Informacoes sobre ordens
| Nome do Produto | Numero de Catalogo | UNID | Preco | Qde | FAVORITOS | |
SLC35C1 Plasmídeo duplo de Nickase (h) | sc-410008-NIC | 20 µg | $410.00 | |||
SLC35C1 Plasmídeo duplo de Nickase (h2) | sc-410008-NIC-2 | 20 µg | $410.00 |
SLC35C1 codifica o transportador de GDP‑L‑fucose localizado no complexo de Golgi, que fornece fucose ativada às glicosiltransferases do lúmen, permitindo a fucosilação do núcleo (core fucosylation) de N‑glicanos e a fucosilação de ligantes de selectinas. Ao controlar a capacidade de fucosilação celular, o SLC35C1 influencia a adesão e o tráfego de leucócitos, o reconhecimento célula–célula e uma sinalização mais ampla dependente de glicanos nas vias secretória e endocítica. Variantes com perda de função estão associadas a distúrbios congênitos da glicosilação, caracterizados por fucosilação defeituosa e disfunção imunológica, tornando o SLC35C1 um nó-chave para o estudo da regulação do glicoma. Assim, a perturbação de SLC35C1 é amplamente usada para dissecar como o transporte de açúcares nucleotídicos molda a adesão, a sinalização relacionada à inflamação e a maturação de glicoproteínas em células humanas.
SLC35C1 O Plasmídeo de Nickase Dupla (h) consiste num par de plasmídeos combinados, concebidos para a edição de alta especificidade do locus SLC35C1 em linhas celulares human. Cada plasmídeo expressa uma nickase Cas9 D10A e um sgRNA distinto que tem como alvo cadeias de ADN opostas dentro de SLC35C1. Quando direcionadas para locais adjacentes em cadeias de ADN opostas, as duas nickases geram cortes deslocados numa única cadeia que, em conjunto, produzem uma quebra escalonada de cadeia dupla, exigindo uma atividade coordenada no alvo por parte de ambas as guias. A quebra de ADN resultante é resolvida por vias de reparação celular endógenas, mais frequentemente através da junção de extremidades não homólogas (NHEJ), levando a inserções ou deleções que perturbam a função SLC35C1. Ao exigir o envolvimento de dois sgRNA no locus alvo, a abordagem de dupla nickase aumenta a especificidade da edição e fornece uma estratégia CRISPR complementar para aplicações em que se deseja um controlo adicional sobre a precisão do direcionamento.

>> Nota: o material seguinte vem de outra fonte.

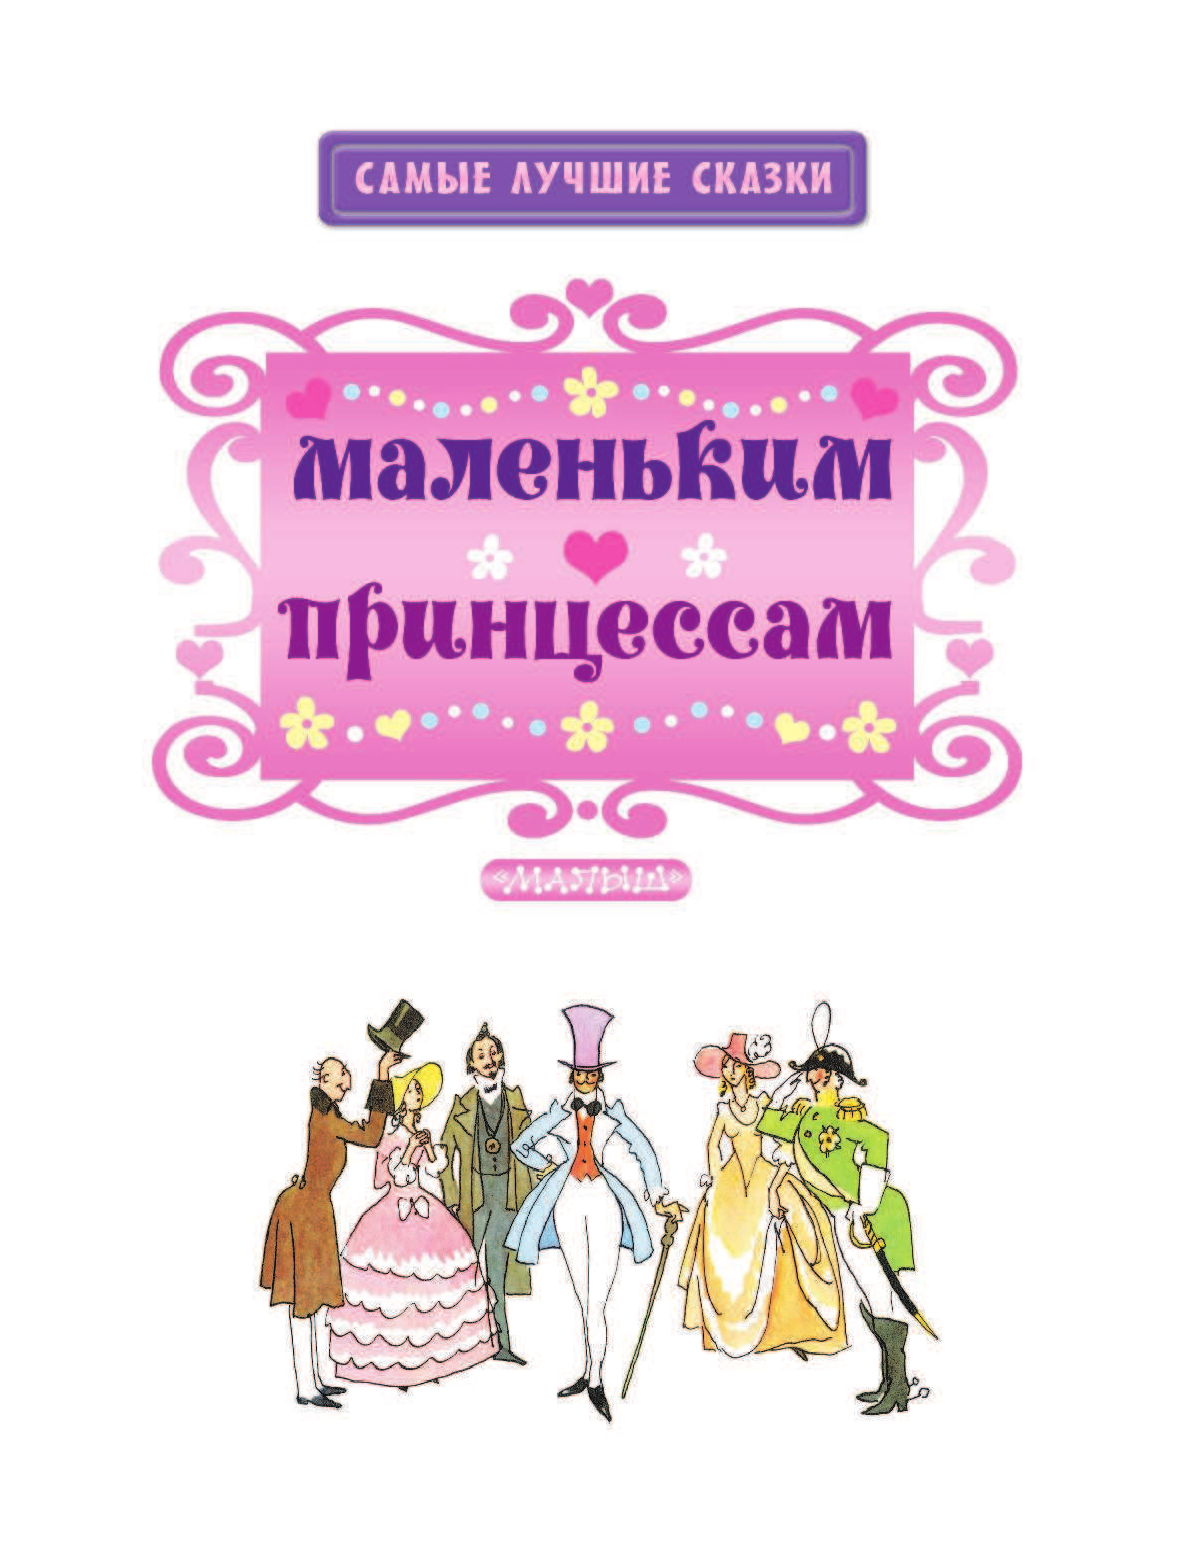 Яхнин Леонид Львович Маленьким принцессам - страница 4

Para apoiar a identificação eficiente das células editadas, um plasmídeo codifica GFP para visualização fluorescente das populações transfectadas, enquanto o plasmídeo complementar transporta um gene de resistência à puromicina para seleção antibiótica. Em conjunto, estas características apoiam o enriquecimento eficiente das populações co-transfectadas e simplificam a validação dos clones com SLC35C1 interrompido.
Apenas para uso em investigação. Não se destina a uso diagnóstico ou terapêutico.